Quote Originally Posted by FunkyDexter View Post
You might be right. If so the only thing stopping us using our phones as desktops is the docking technology.
Well, I think it isn't so much that as a mental shift. I'm mostly in agreement with Tanner_H, but not entirely. Apple is a pretty good example, but their share of the desktop is a stagnant minority. The majority of desktop users are still using Windows, and since Windows phone is...pretty much a joke, the comparison isn't quite there, yet. The CPU power of a phone is really impressive, but you can't run Windows on a phone because the CPU is a different architecture that is focused on low power. The code won't load and run.

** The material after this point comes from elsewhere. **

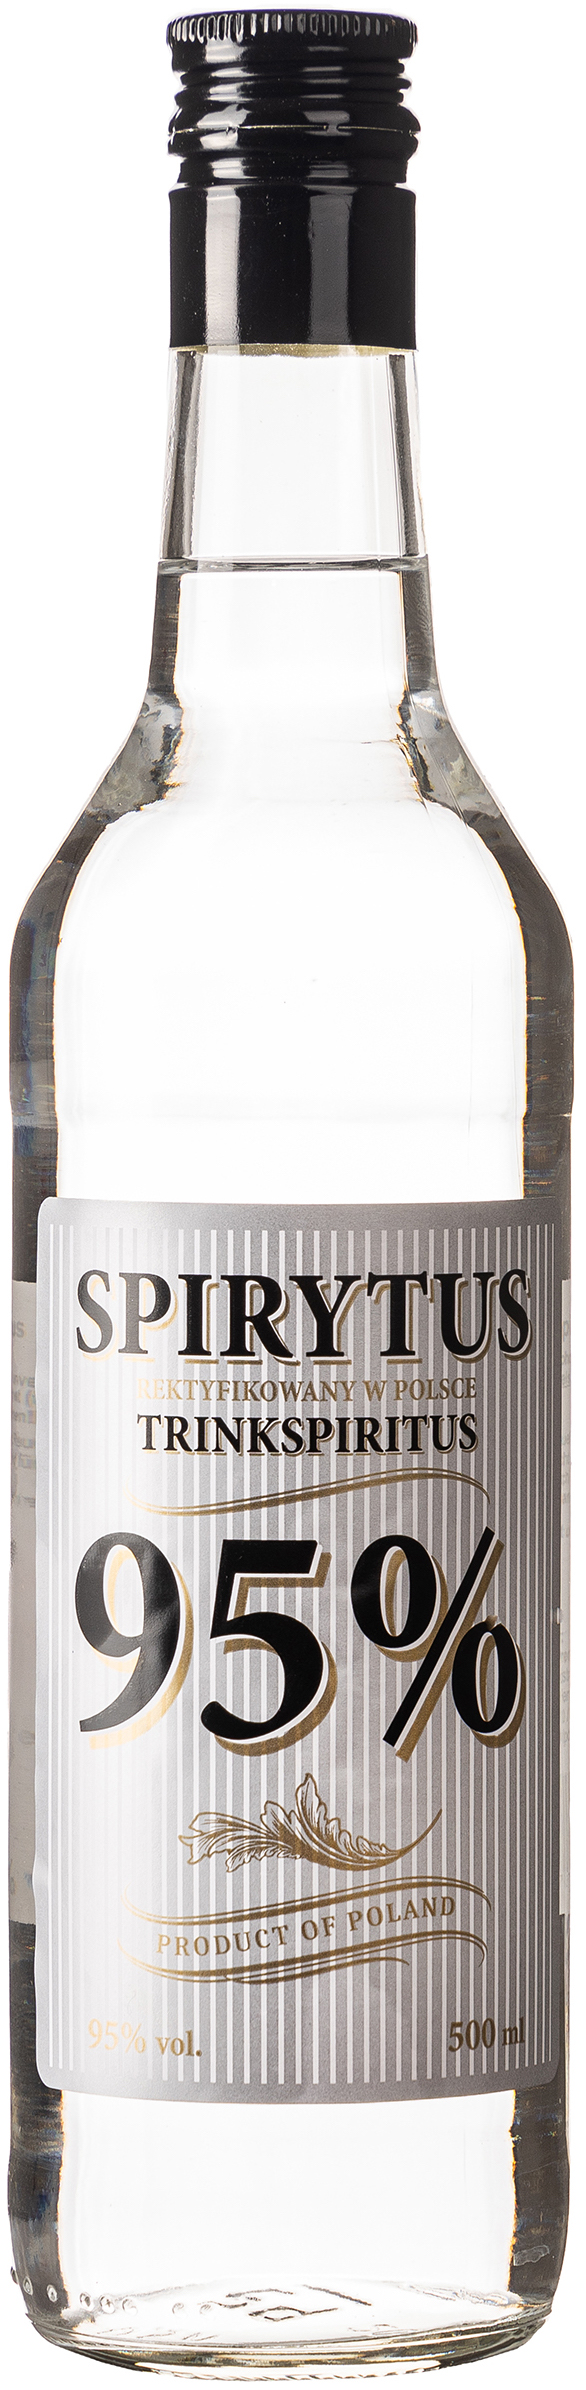 Spirytus Trinkspiritus 95% vol. 0,5L

What I expect is that, as chips improve, we will have a device that CAN run Windows (and not because MS ports the code to some other chip architecture). We already have that, to some extent, in tablets. What I'm not sure that we have is the mindset that your tablet IS your desktop. At a recent conference, lots of the presentations ran off of Surfaces, so people are coming around, but I want to have one device. One device at the office, which I then unplug when I leave the desk. One device that allows me multiple monitors when I plug it into a docking station and a tablet (or light laptop, really) when I'm on the road. One device so that when Gruff swipes information, it isn't JUST bad information, but ALL of it (he may mistakenly swipe bad information, now, but if you had one device he could swipe the whole thing and decide later what was good and what was bad).